The Gitans Jean Charland – the one involved in the 1978 murders, who set the Aloha Motel fire, who became a public vagrant – died three years later in Sherbrooke on July 30, 1998. He was 39. He looked 60. I was told that he died of AIDS. If he had anything further to say of what went on in the Eastern Townships in 1978, he took his secrets with him. There was no death bed confession.
The Bikers of BC
Very early on when I started this website I wrote about the Fernand Laplante affair. I read about it in a Allo Police annual almanac, and posted the photos of Laplante, Charland, Grimard, Bergeron, and Beullac, typefaced with a garish red background (so Allo), sometime around the early 2000s. Almost immediately, I got a call from my father asking me to take it all down.

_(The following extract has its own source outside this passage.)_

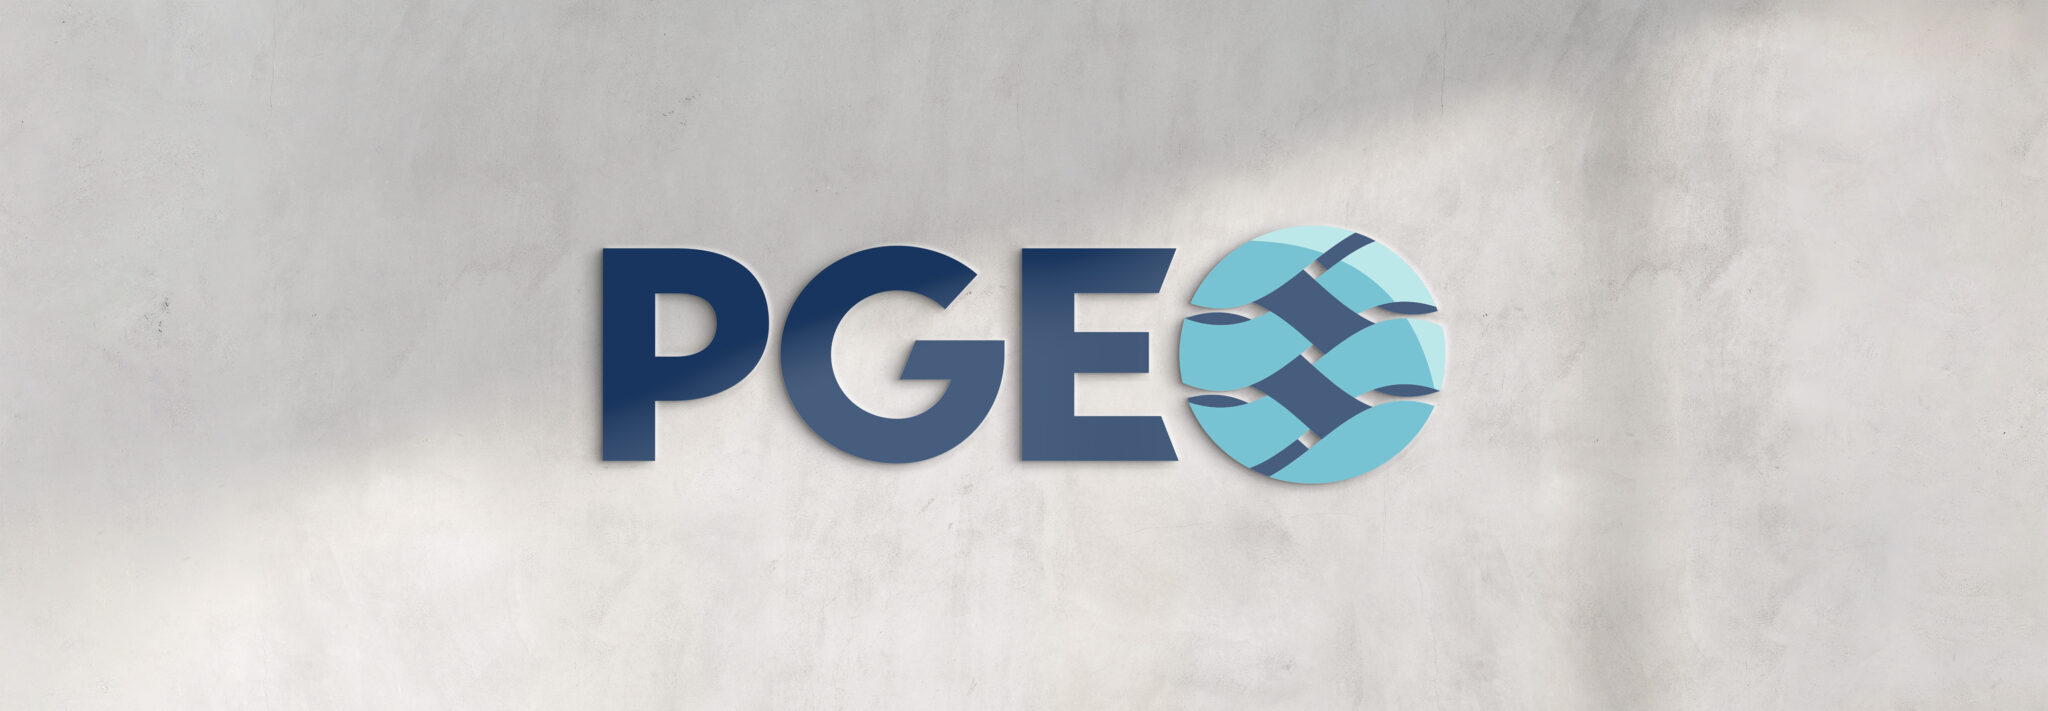 The PGE logo on a concrete wall.

He told me an old college friend of his, who had been friends with Laplante, had been contacted by some “people in British Columbia”. When I pressed him on who this was, it became obvious that he was referring to members of organized crime, bikers who the college friend was acquainted with, who suggested it would be in my best interest if I did not write about such things. I’m an obedient son, so I did what I was told, I took the story down. I will note that in 1978, my parents had no knowledge of any of the murders that had occurred earlier in the year prior to Theresa’s disappearance; not Grimard and Bergeron, not Fecteau, or even Manon Dube. This information was withheld from them by police, and they were living outside of Quebec, their local news would not have covered the stories. It’s doubtful police even made the connection with these cases themselves at the time, or is it? We shall see.
Years later, just before he died, I asked my dad about this episode. By this time, his college friend had passed, so I was hoping to get some more information, perhaps the true nature of his urging. But my father changed the story. Now it wasn’t bikers from B.C., it was simply that the college friend had known Fernand Laplante, and now that he was out on parole, he wanted to see that he got a fresh start, he didn’t need me dredging up the past. It would be better that I not talk about such things, and leave the past to memory.
My father only ever lied under rare and exceptional circumstances. It’s not my memory that is faulty, I know what he said the first time.
Theresa Allore didn’t get 20 more years as Jean Charland or other criminals; she had a whole life waiting at her feet and she died a violent death at the age of 19.
I don’t want to underestimate those criminals such as Jean Charland, Régis Lachance, Luc Grégoire etc., and their despicable offenses, they committed horrible crimes.
However, Sûreté du Québec, and Québec government, the whole justice system was corrupted in the late 1970s and the SQ itself was an “organized crime institution” that was getting paid by taxpayers, and they had sworn an oath to protect and serve the citizens. They created those criminals such as Jean Charland…
When one puts those authority figures such as corrupted members of SQ, and what damage they had caused and how their corruption impacted the whole society, into a scale and put those other criminals into that other half of the scale and I think corrupted SQ weighs heavier, because they were getting paid by taxpayers and it was their duty to protect citizens.
One would think, after 44 years the current SQ of today and current Québec government, the justice system would try to make it up to its citizens and taxpayers for all those injustices they have suffered in the past 44 years and are suffering today.
They can’t bring Theresa Allore and hundreds of those murdered young girls back, but at least they can acknowledge their past mistakes, be transparent, and compensate the victim’s families and bring reforms. What they also must do, it’s their duty and moral duty to do is that even though it’s posthumously done, even though those criminals and corrupt police officers may no longer be alive today, they can posthumously solve those crimes now. It takes honesty, integrity, discipline, and dedication. As long as those steps aren’t taken, they are no better than the corrupted SQ of 1970s. It’s never too late to do the right thing.